All views much appreciated!


----------



## Missy (Mar 9, 2016)

First job will likely be to clean it.... I'd be purchasing pulycaff not beans! (Or both!)

Buy some decent but not expensive beans in a kg from somewhere like rave, see if you can force your blade grinder fine enough.

Then when you can't, or can't well go forth and buy a better grinder!


----------



## omikin (Nov 25, 2016)

Thanks! Will see if I can get my hands on some Puly Caff tomorrow too!


----------



## Missy (Mar 9, 2016)

omikin said:


> Thanks! Will see if I can get my hands on some Puly Caff tomorrow too!


Lols.

Places like Rave sell it. Cafiza, puro, pulycaff, all pretty much the same thing. It's often called "espresso machine cleaner"

Anything that comes off, remove and soak in it, anything that doesn't use an old toothbrush (or pick up a proper espresso machine brush) and scrub with the solution.


----------



## omikin (Nov 25, 2016)

Cafiza coming tomorrow via a popular online store.


----------



## omikin (Nov 25, 2016)

Got it. Have had a couple of stabs with some North Star Ethiopian beans ground in my blade grinder and so far watery mud. Lots of learning needed here.


----------



## jimbojohn55 (Jan 15, 2016)

get some tartric acid as well to give it a descale - 1tsp to a 1ltr tartric acid is kinder to the boiler than citric or other cleaners

and defo buy a better grinder - the gaggia will piss through supermarket preground and taste like it too!
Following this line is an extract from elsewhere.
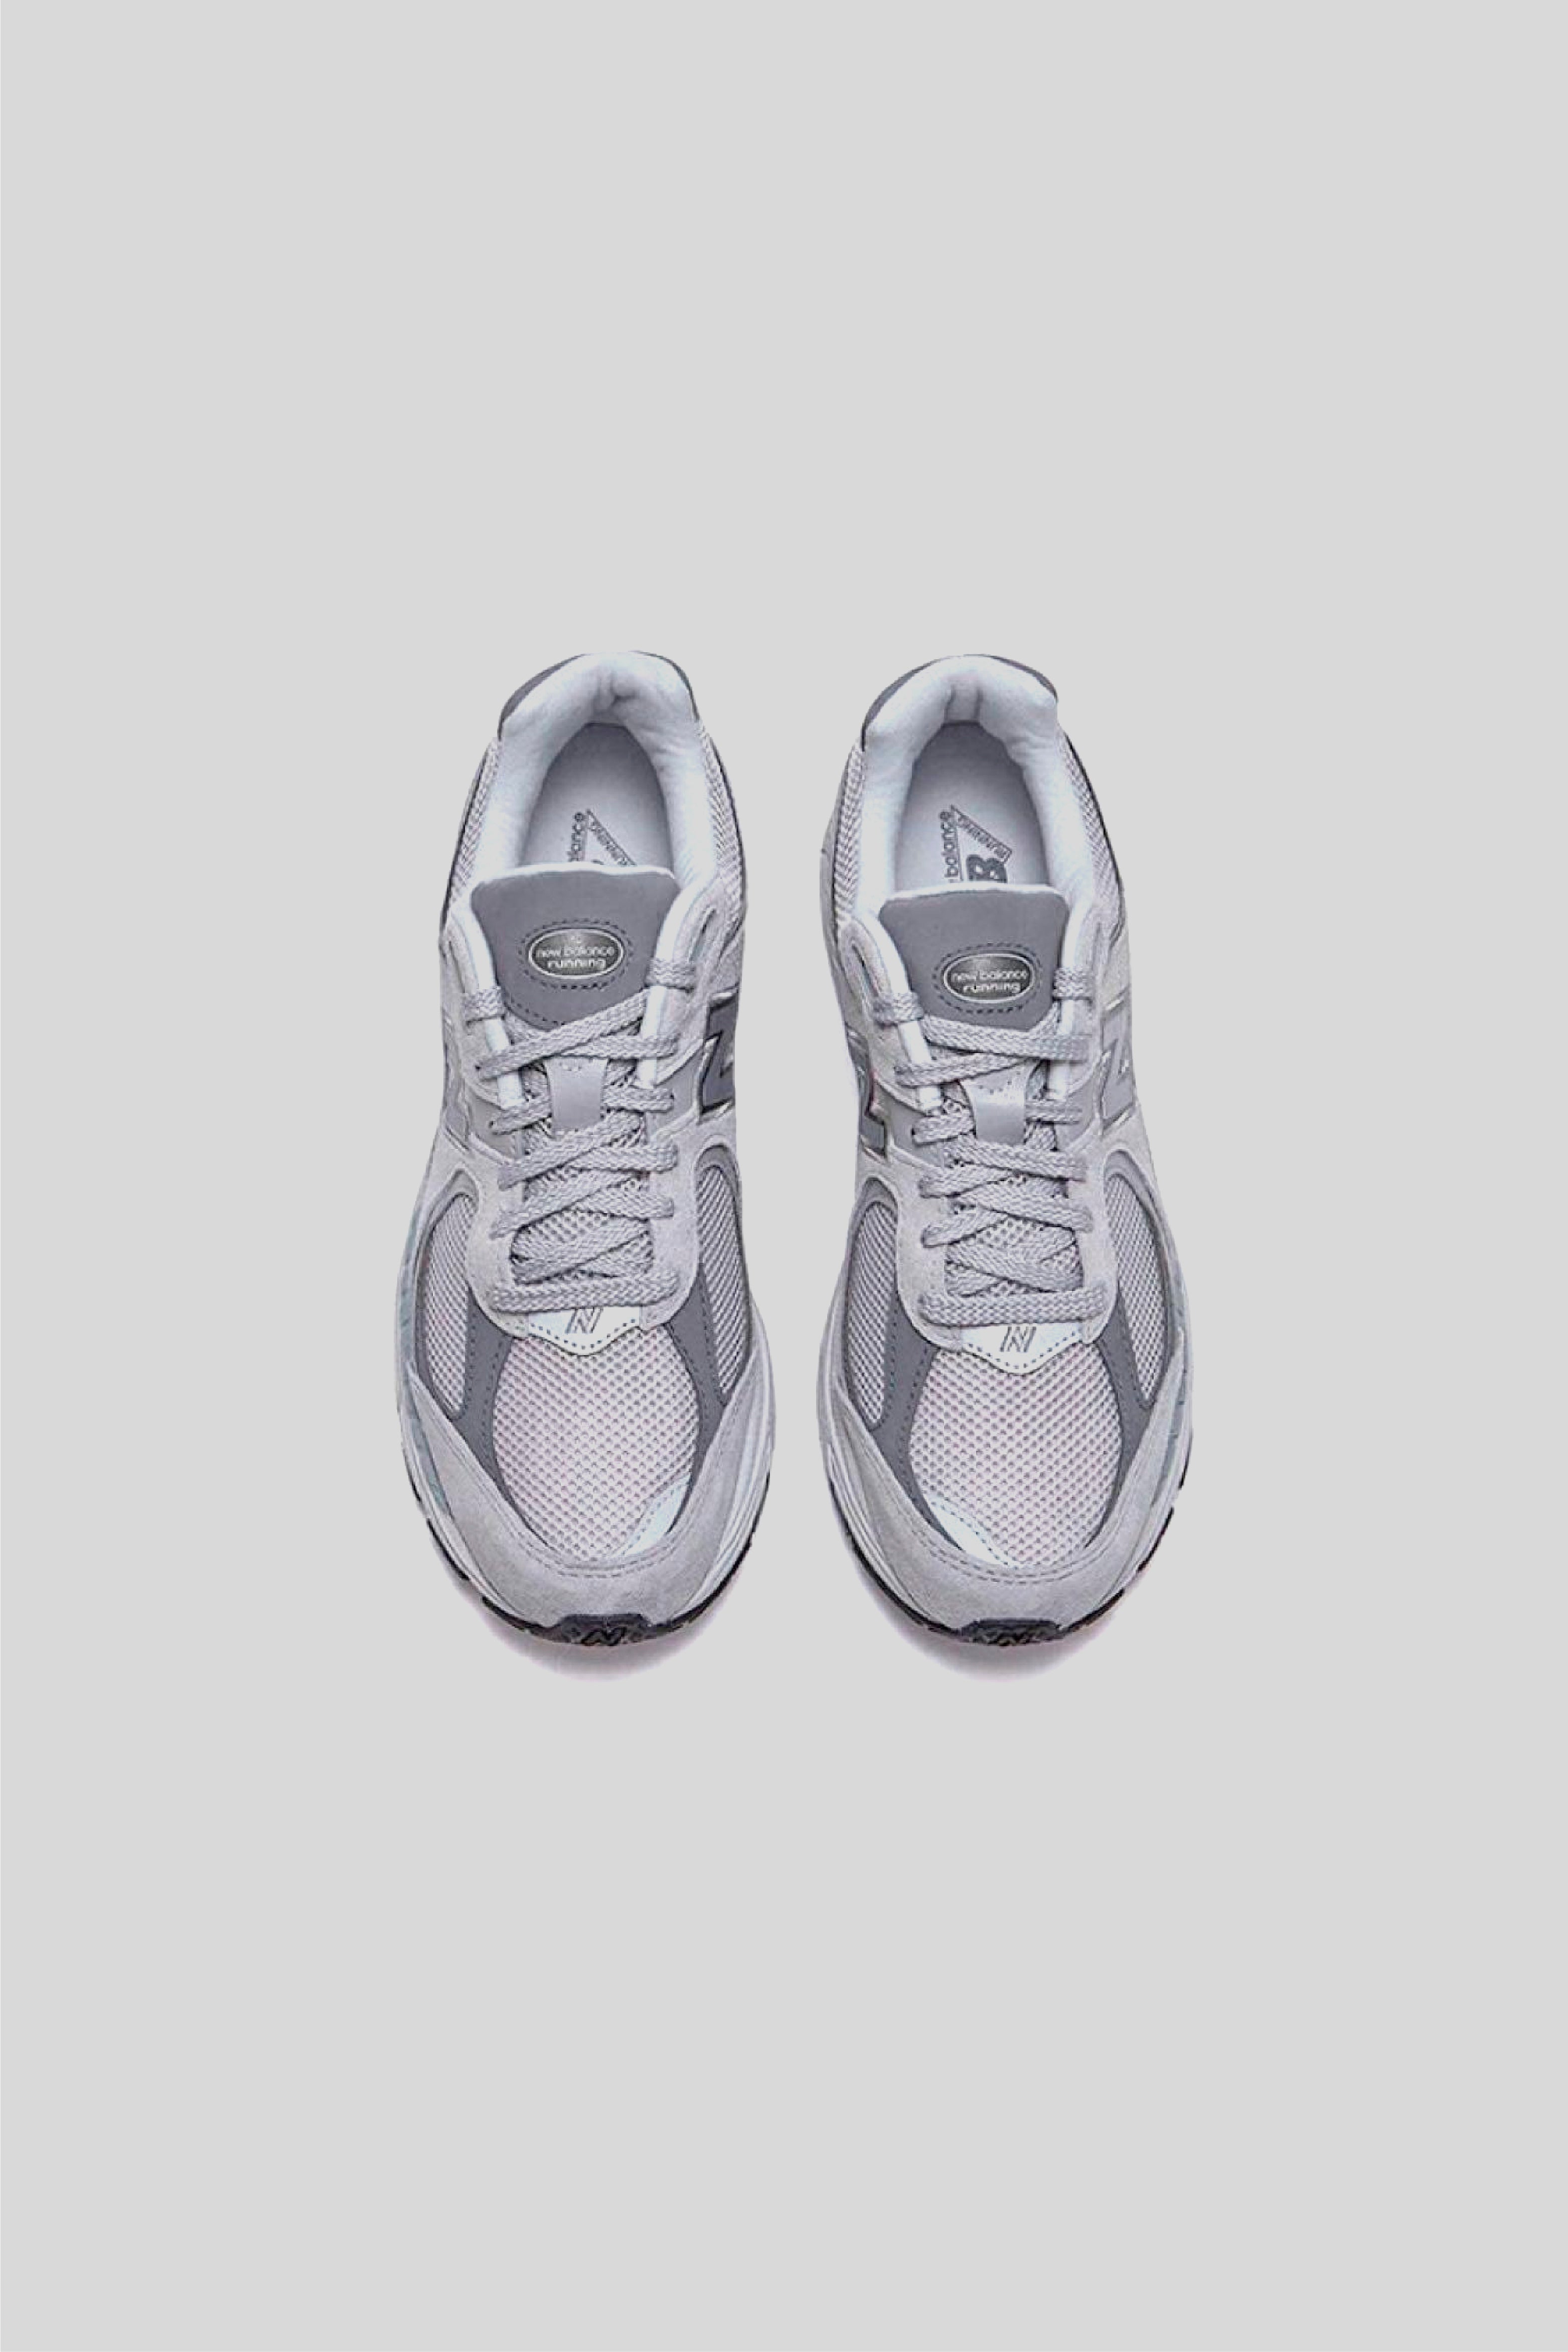 Selectshop FRAME - NEW BALANCE ML2002R0 "Gray D Wise" Footwear Concept Store Dubai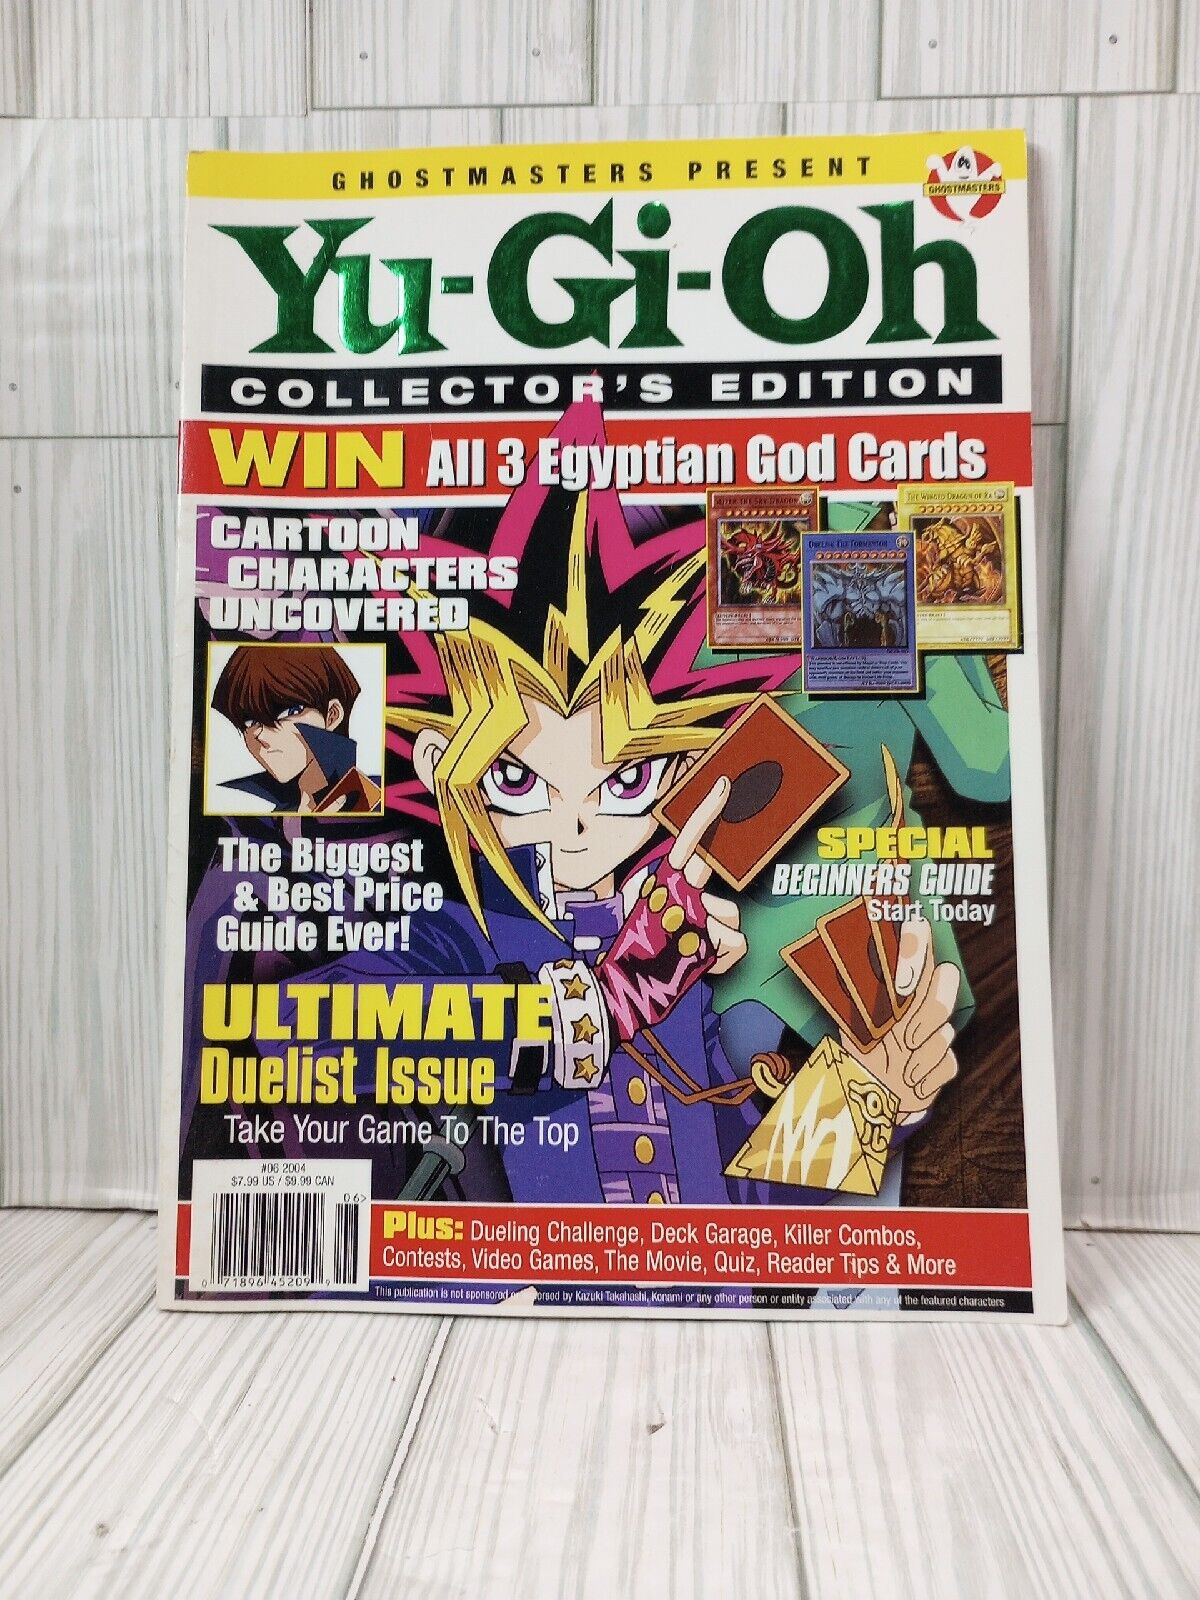 Ghostmasters Present Yu-Gi-Oh Collectors Edition #6 2004 Yu Gi Oh Magazine

and keep asking questions and reading up its the only way ;-)


----------



## Jumbo Ratty (Jan 12, 2015)

omikin said:


> Got it. Have had a couple of stabs with some North Star Ethiopian beans ground in my blade grinder and so far watery mud. Lots of learning needed here.


You can get by with a blade grinder until you've decided which proper grinder to get, I did.

I used to time the length of time the blades were spinning with exactly the same weight of beans in.

I could adjust pour times by the length of time the grinder ground for.

If the pour is too quick, grind for longer,, chocking the machine, grind for less time.

IIRC I used to grind for something like 40 seconds (2x20second pulses) for 30grams of beans.

Quite surprising how when youve got it right 5 seconds either way makes a difference to the pour time.

Sounds like you need to grind for longer.


----------



## smallblueplanet (Dec 4, 2016)

jimbojohn55 said:


> get some tartric acid as well to give it a descale - 1tsp to a 1ltr tartric acid is kinder to the boiler than citric or other cleaners


Any idea where to buy it from?


----------



## jimbojohn55 (Jan 15, 2016)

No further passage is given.